Slowing Down C++ with loops

Hey Guys,
For my computer science class, my teacher has assigned us to purposefully slow down a C++ program through loops. He has showed us that he can do it through this method but I have not been able to replicate the same effect. It is supposed to output “hello” because of the flush and then output the “bye” after a little bit. He has said that this happened before and it is caused by something with replit itself, is there some configuration that would allow this form of delay.

#include <iostream>
using namespace std;

int main() {
  cout << "hello " << flush;
  for(int n = 0; n < 400 * 1000000; n++);
  cout << "bye";

  return 0;
}
1 Like

try:

#include <iostream>
#include <chrono>
#include <thread>
using namespace std::this_thread; // sleep_for, sleep_until
using namespace std::chrono; // nanoseconds, system_clock, seconds

int main() {
  std::cout << "hello " << std::flush;
  sleep_until(system_clock::now() + seconds(1));
  std::cout << "bye";

  return 0;
}

as detailed here.
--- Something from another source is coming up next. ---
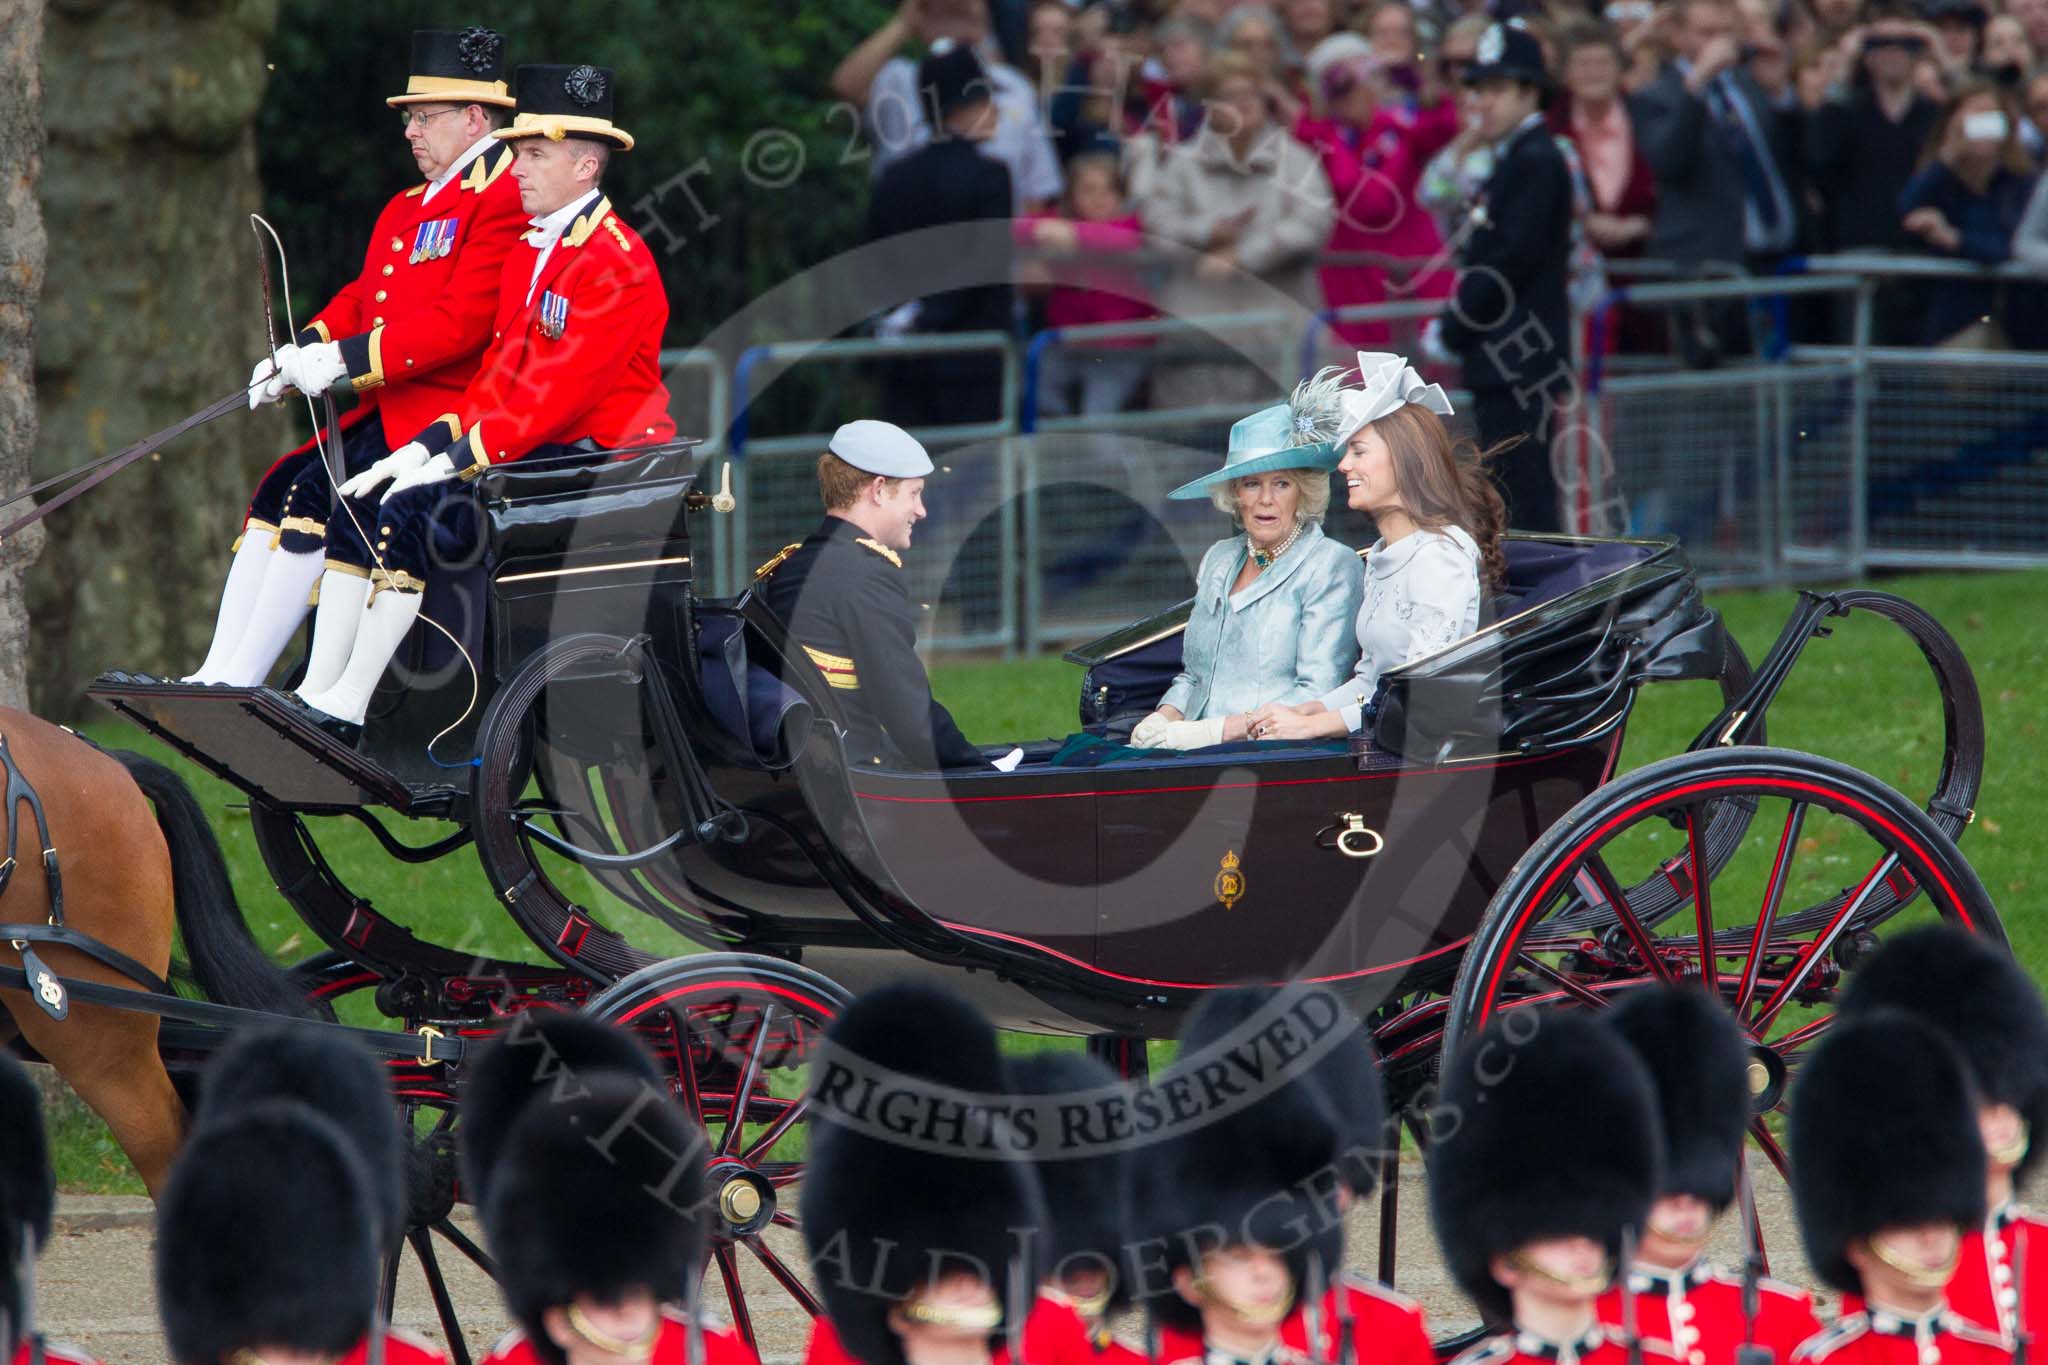 Trooping the Colour 2012: Prince Harry, the Ducess of Cornwall, and the Duchess of Cambridge in the first carriage..
Horse Guards Parade, Westminster,
London SW1,

United Kingdom,
on 16 June 2012 at 10:50, image #115

You are right, I believe it is a replit thing, it may be the compiler optimizing your code and since I’m not great with bash & stuff I can’t help you with that. Anyways, welcome to community! @sonicx180

After testing, replit will kill the signal if it stalls for too long so don’t go too far, but it’s optimizing the loop TMK (another line of thought is that it’s just too fast for an int (32 bit number) to actually slow it down, and adding something like vector pushing will cause an actual delay) since the loop isn’t doing anything, so you need to do something in the loop

#include <iostream>
#include <vector>
std::vector<int> x;

int main() {
  std::cout << "Hello" << std::flush;
  for (int i = 0; i < 100000000; i++) {
      x.push_back(i);
  }
  std::cout << "bye!";
}
3 Likes

By adding:

#ifdef _WIN32
#include <Windows.h>
#else
#include <unistd.h>
#endif

This will allow you to use system(“clear”); which clears the console and sleep(1); which sleeps the desired number of seconds (waits).
IE:

#ifdef _WIN32
#include <Windows.h>
#else
#include <unistd.h>
#endif
#include <iostream>
#include <string>
int main(){
system("clear");
std::cout << "Wow";
sleep(3);
system("clear");
std::cout << "Wowie";
}
2 Likes

:cry: is my answer not good? XD

1 Like

No🙂
Mine is just more simple and easy.

1 Like

oh so sorry to bother :smiley:

simple?

#include <iostream>
#include <thread>
using namespace std;
int main() {
  cout << "hello " << flush;
  this_thread::sleep_for(1s);
  cout << "bye";
}
2 Likes

Well it also adds clear and some other good stuff. Plus every single time you only have to so sleep(1);.